What to work on:
Images don't belong in the copy. Output the rest of the data exactly.

(Beginning of Provided data)

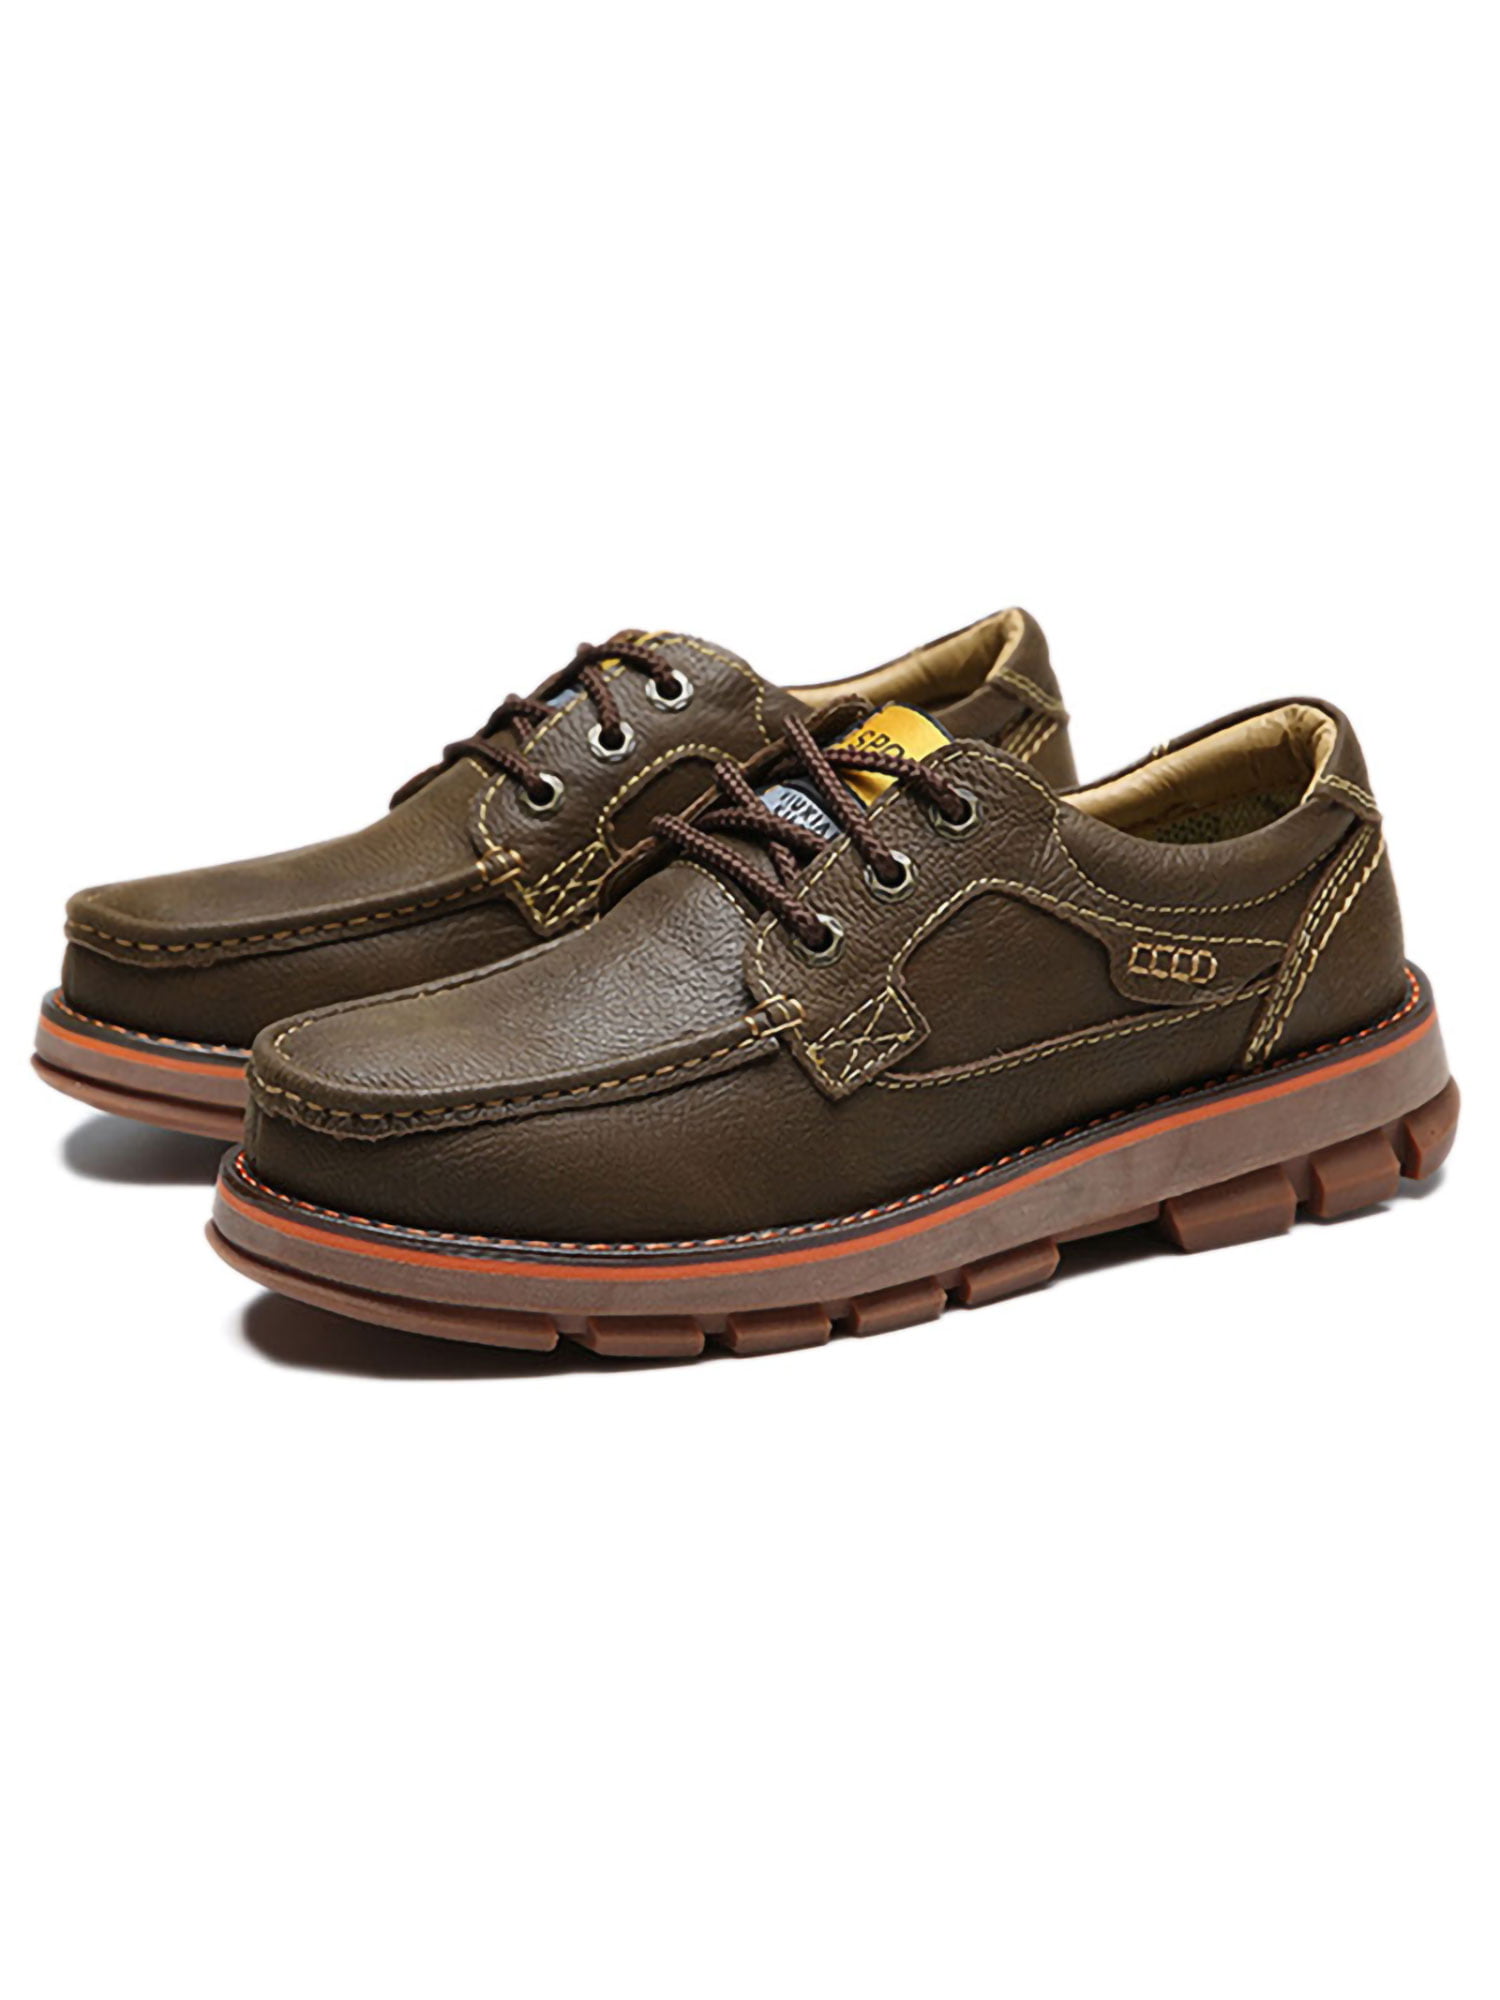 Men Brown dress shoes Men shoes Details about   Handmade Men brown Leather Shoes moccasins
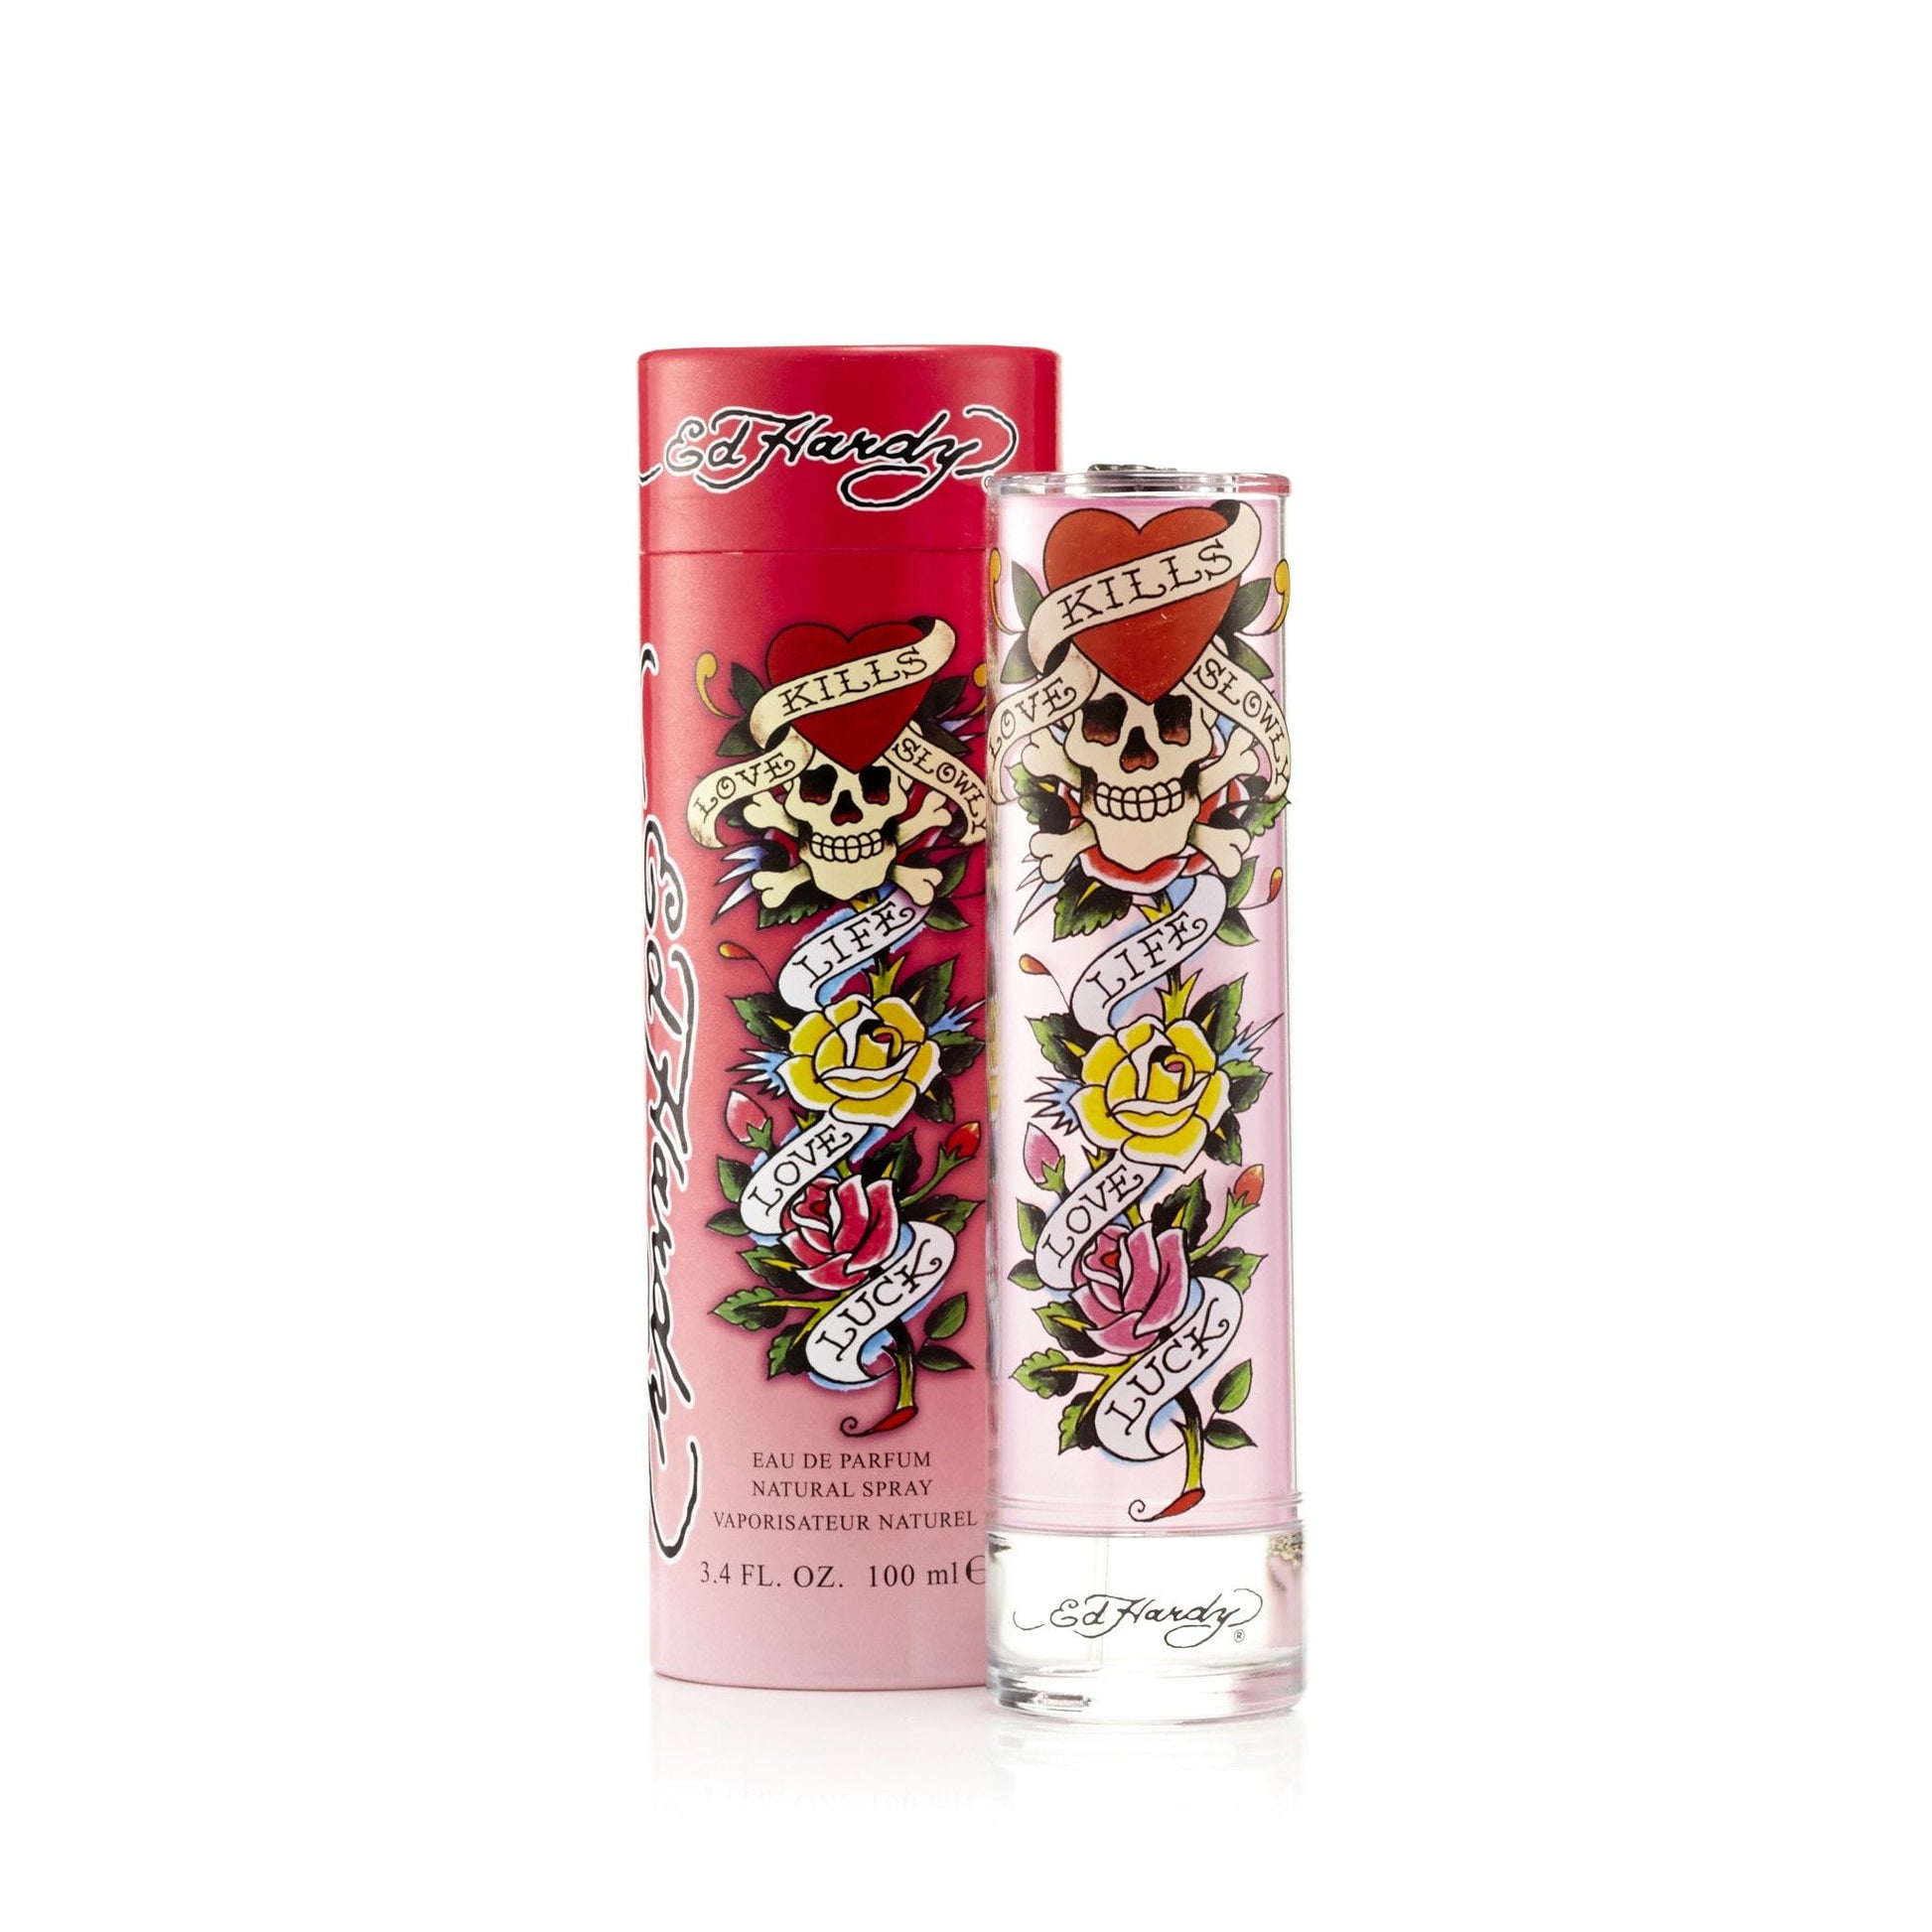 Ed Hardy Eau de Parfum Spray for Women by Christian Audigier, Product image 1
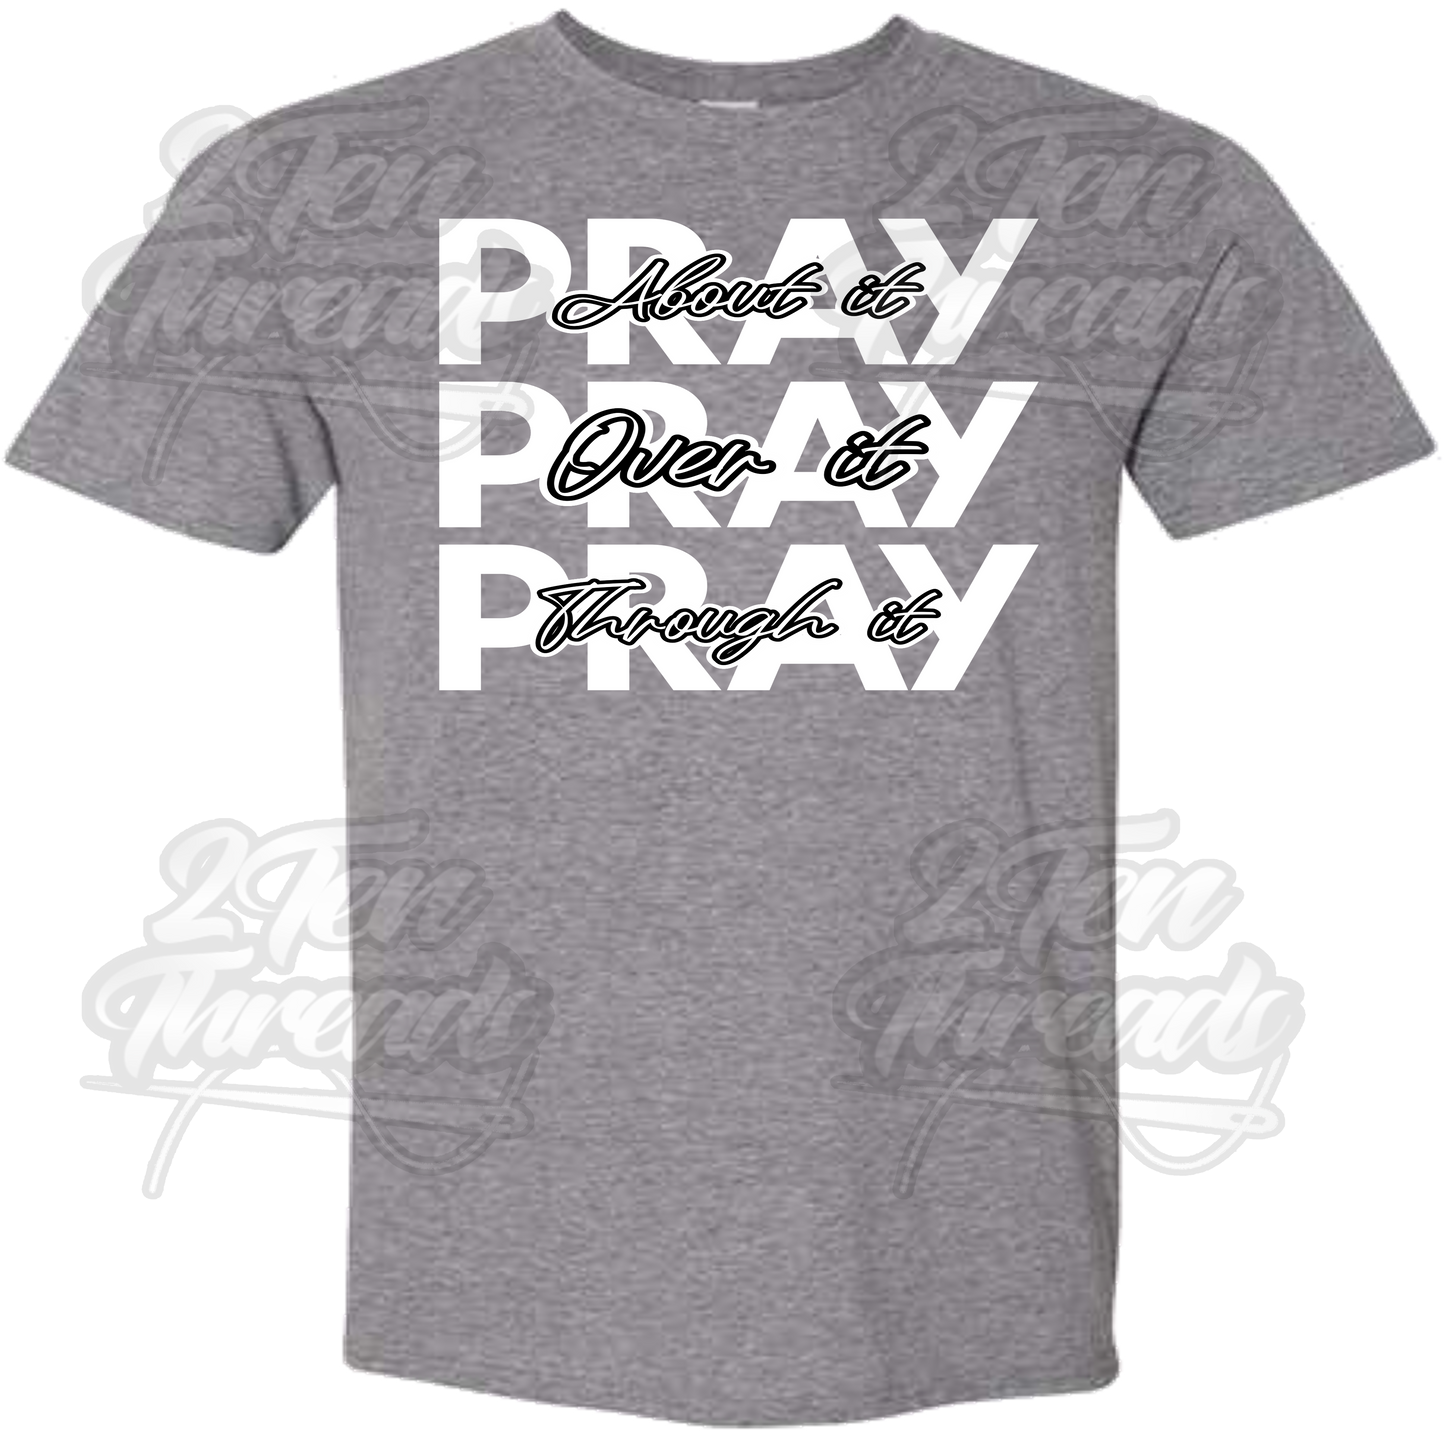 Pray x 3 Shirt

(End of Provided data)

The answer:
 Men Brown dress shoes Men shoes Details about   Handmade Men brown Leather Shoes moccasins
 Ed Hardy Eau de Parfum Spray for Women by Christian Audigier, Product image 1
 Pray x 3 Shirt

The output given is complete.